Facebook’s engineering team wrote about the different methodologies used at Facebook that help maintain a high degree of hardware availability in their data centers.
Facebook has data centers across the globe in 15 regions, and has been expanding regularly. A lot of this is possible because provisioning of infrastructure, including the network, is automated. Hardware failure is expected at such scale and is mitigated to some extent by Facebook’s internal cluster management system called Twine (previously known as Tupperware). There are four aspects which help Facebook maintain a high degree of hardware availability. These are systems for detection and remediation, monitoring and mitigation without significantly affecting application performance, using ML techniques for predicting anomalies, and an automated root cause analysis (RCA) system. These four aspects are also discussed in detail in individual papers by Facebook engineers.
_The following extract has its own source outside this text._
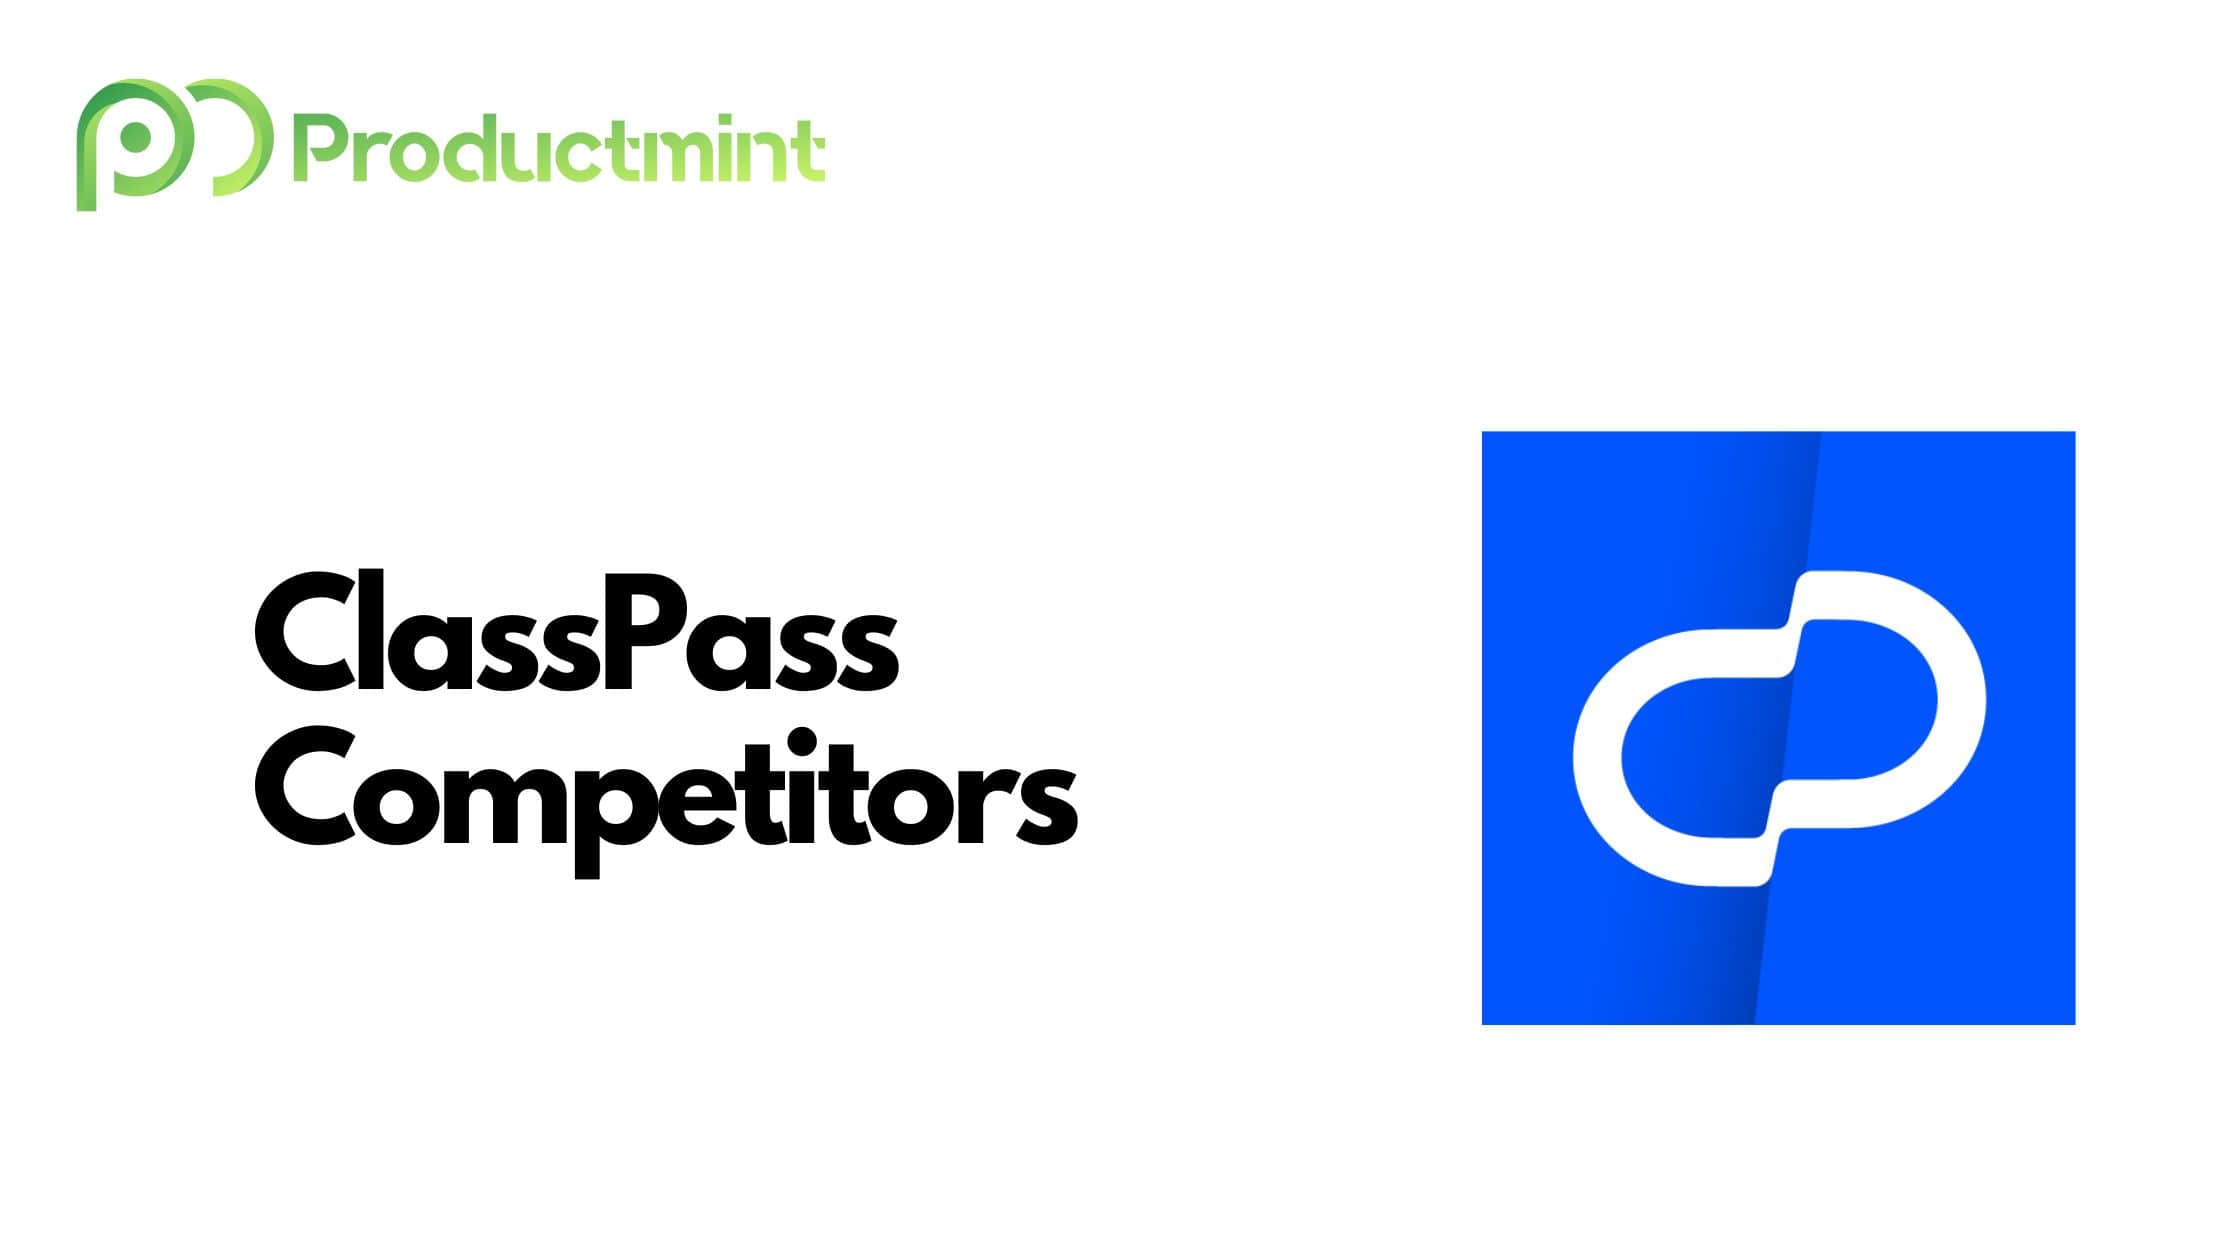 ClassPass Competitors

Facebook’s detection and remediation system consists of the tools MachineChecker – which analyzes server logs, Facebook Auto-Remediation (FBAR), and Cyborg. MachineChecker checks include “checks for host ping, out-of-band (OOB) ping, power status check, memory error checks, sensor check, secure shell (SSH) access, network interface card (NIC) speed, dmesg check, S.M.A.R.T.check, and power supply check”. It creates alerts in a central system, and FBAR executes customizable scripts to attempt to fix it. Mostly written in Python, FBAR is not a new system – it has existed for almost a decade, with subsequent improvements. Cyborg runs lower level checks and logs a ticket for manual intervention if remediation was unsuccessful. As part of the workflow, FBAR and Cyborg both rerun MachineChecker again to verify the failure. According to one talk, “94% alarms are cleared without human intervention”.
The authors of the paper note that there are failures that can be missed because of their transient nature. Such failures include those triggered by high load, which disappear once the load lightens and thus subsequent reruns of MachineChecker do not catch them. To get around this, they suggest creating synthetic load on the CPU, memory, and the network.
Typical hardware failures will result in a CPU interrupt, which can affect application performance. The authors suggest adopting a middle ground where a hybrid approach utilizes two different methods to preserve accuracy without impacting performance.
New hardware and software configurations means the auto-remediation system needs to be updated with new rules from time to time. Some tickets can be marked as undiagnosed or misdiagnosed if there is a gap between updating the system with new rules and when new software and hardware are deployed. To avoid this, the team built a machine learning framework that “learns from how failures have been fixed in the past and tries to predict what repairs would be necessary” for current tickets. The input data for the ML models include failure signals collected from the MachineChecker checks, server metadata, and recent (around 6 months) repair tickets for the server.
The last tool in the group is an RCA system that correlates server hardware logs with software and tooling logs. It uses a pattern mining algorithm to find correlations among millions of log entries.
There are other systems in place at Facebook to mitigate outages in different layers of the stack like Maelstrom, apart from the ones talked about here.